_GIVEN INFORMATION_
★ ★ ★ ★

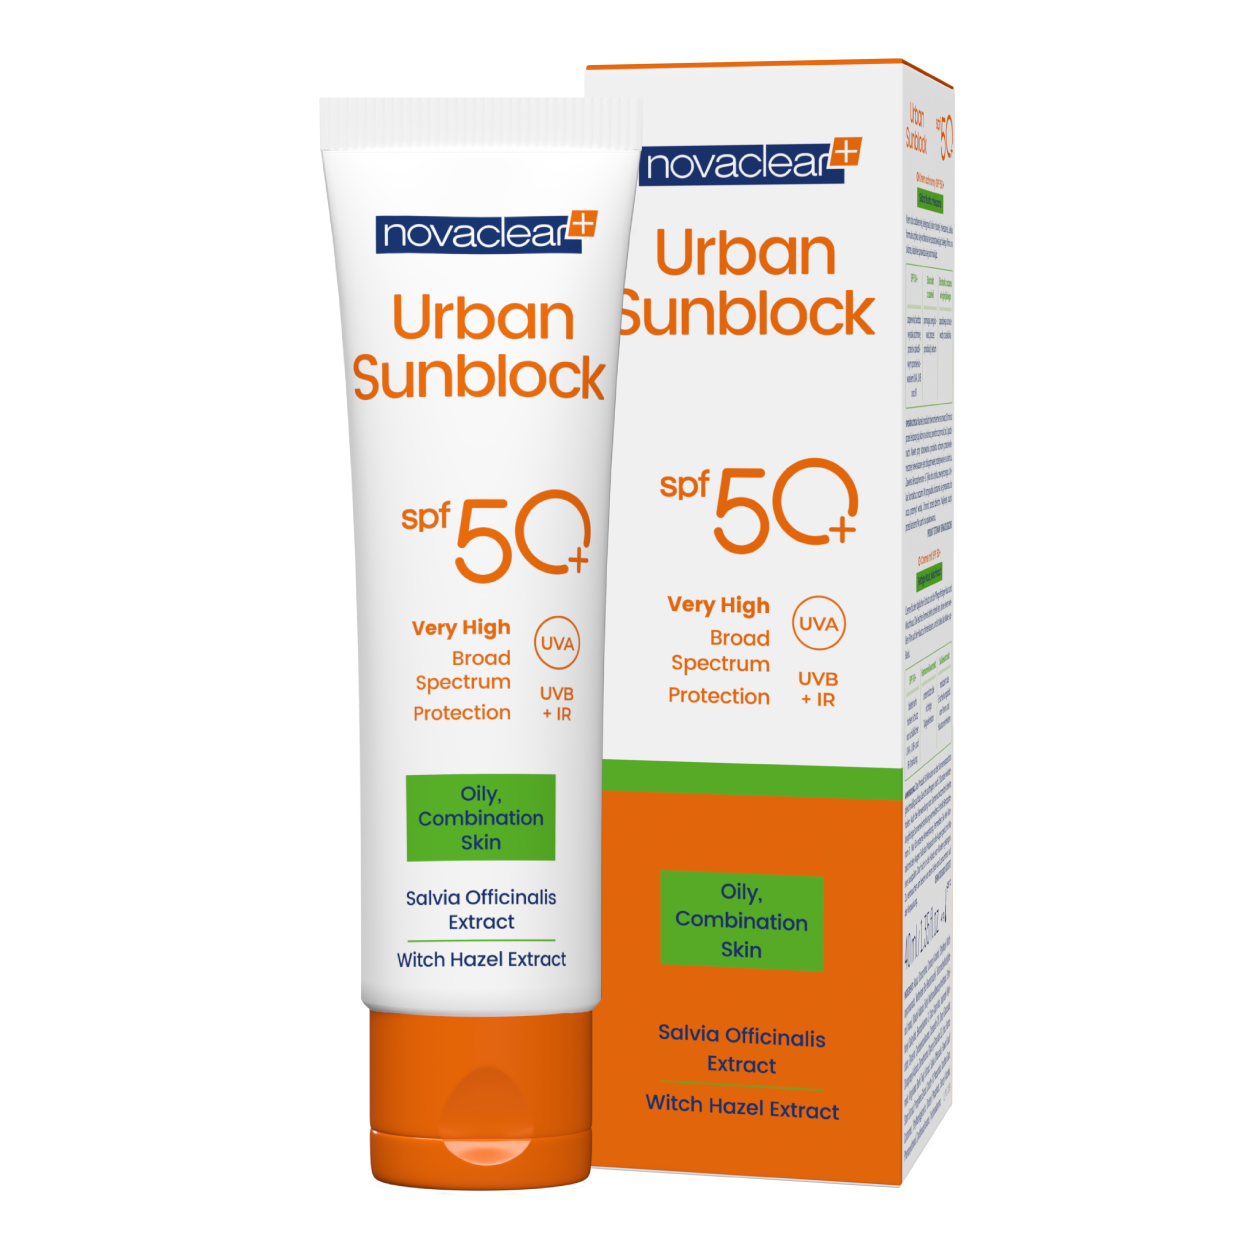 novaclear-urban-sunblock-very-high-protection-spf-50+-oily-combination-skin
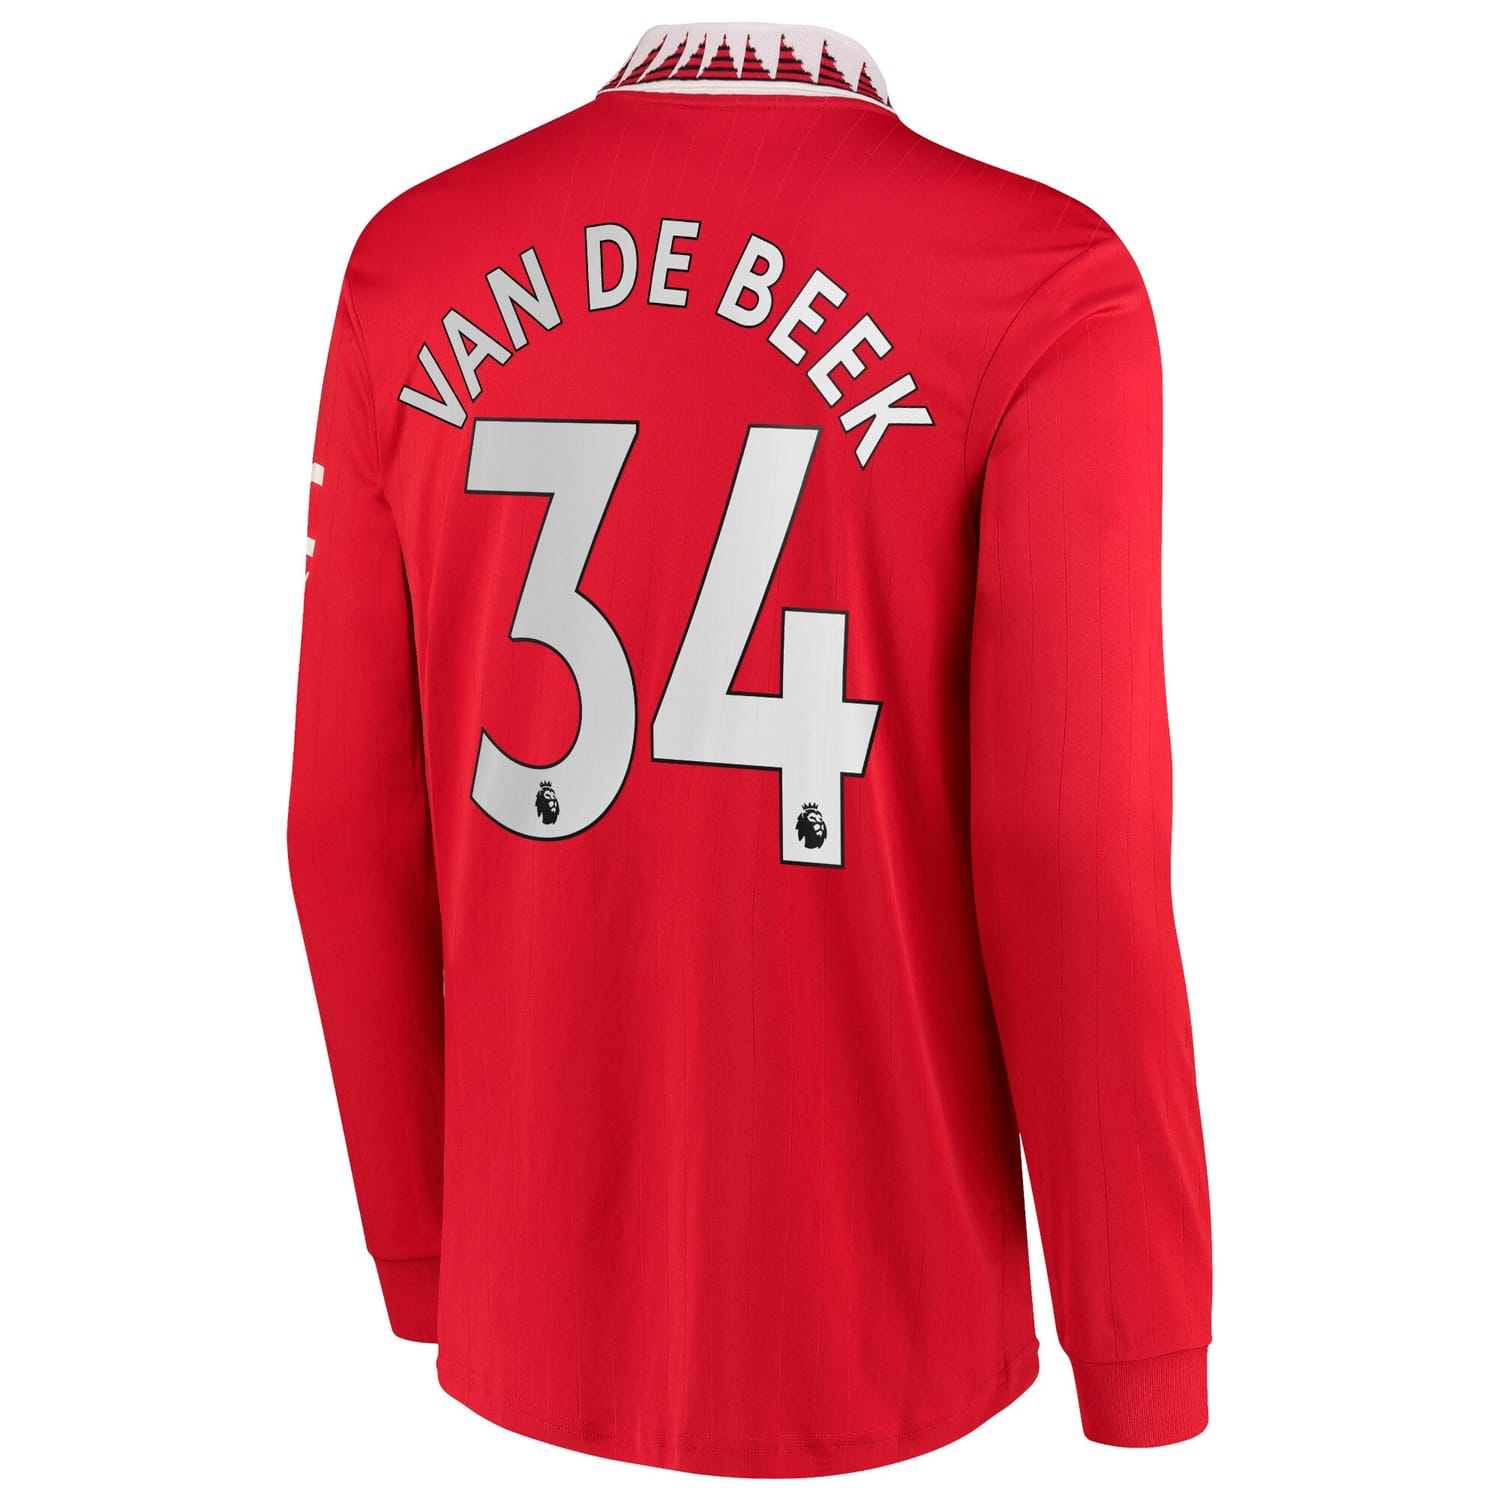 Premier League Manchester United Home Jersey Shirt Long Sleeve 2022-23 player Donny Van De Beek 34 printing for Men
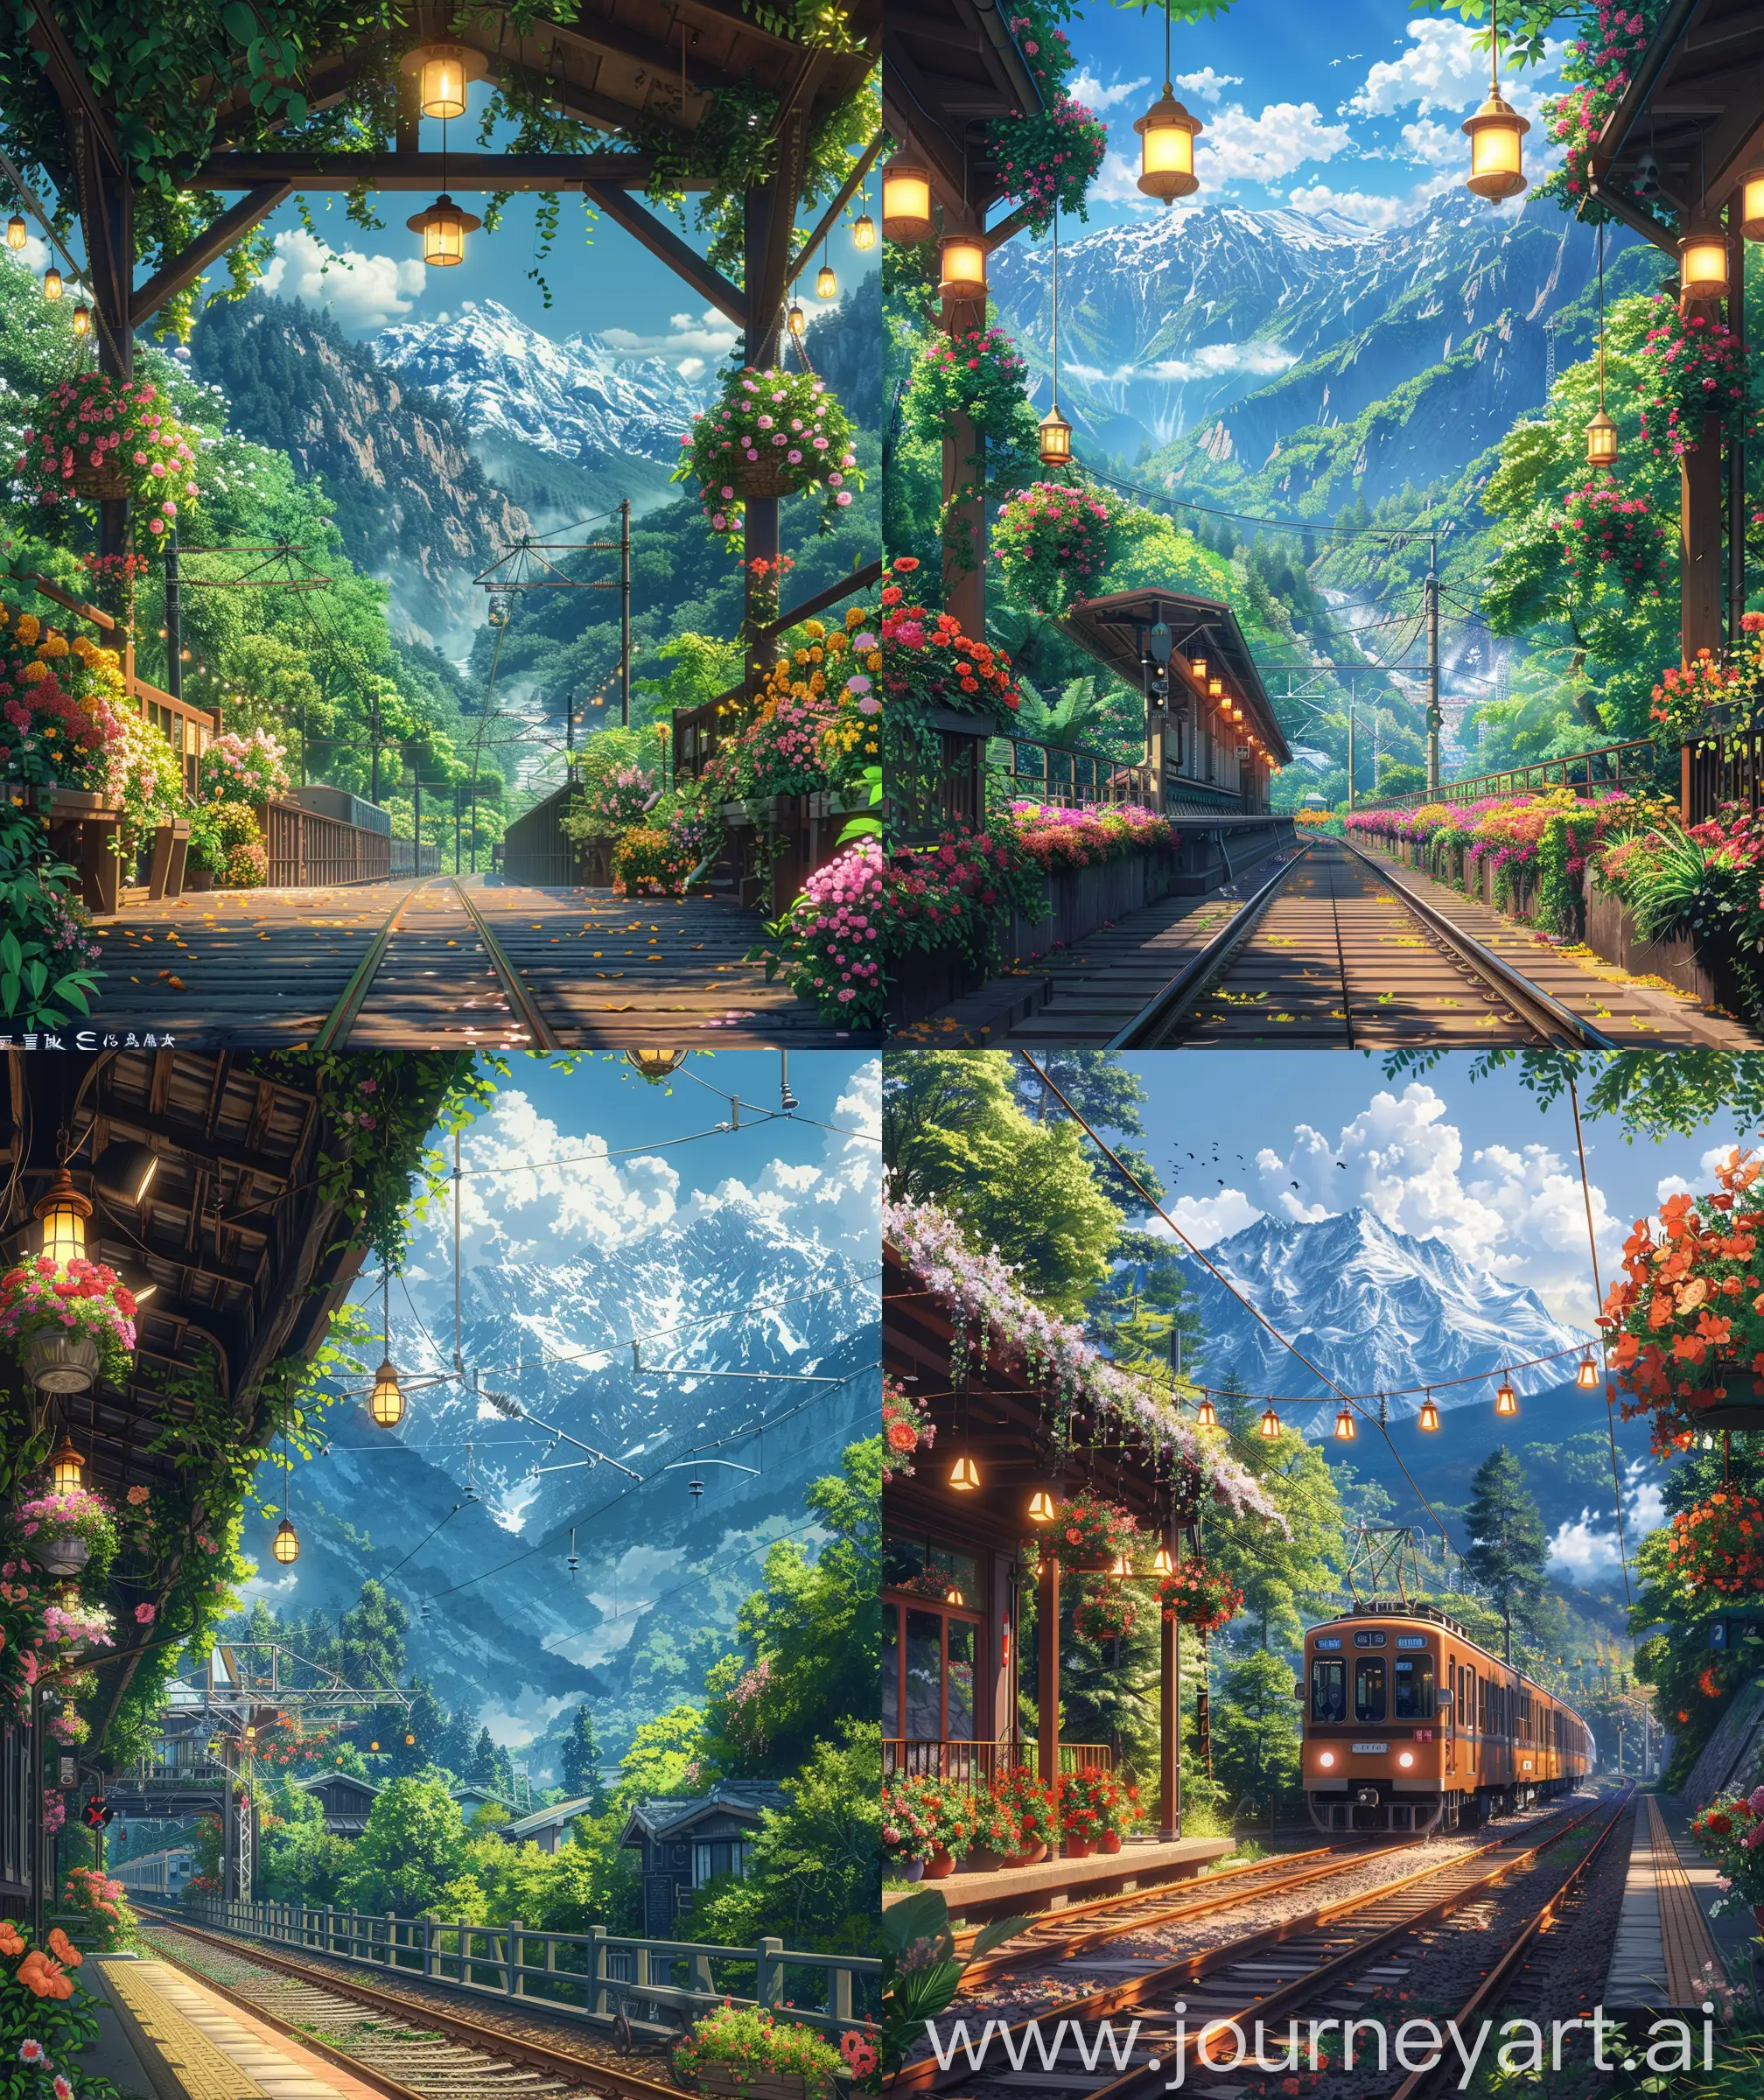 Scenic-Anime-Illustration-Daytime-Train-Journey-Through-Mountainous-Landscape-with-Spring-Flowers

★ ★ ★ ★

_EXERCISE GOAL_
Take the lines from the start of the material to the line with "Premier League Manchester", both included, and transcribe them exactly without the pictures.

_RESULT OF THIS TASK_
 novaclear-urban-sunblock-very-high-protection-spf-50+-oily-combination-skin
 Premier League Manchester United Home Jersey Shirt Long Sleeve 2022-23 player Donny Van De Beek 34 printing for Men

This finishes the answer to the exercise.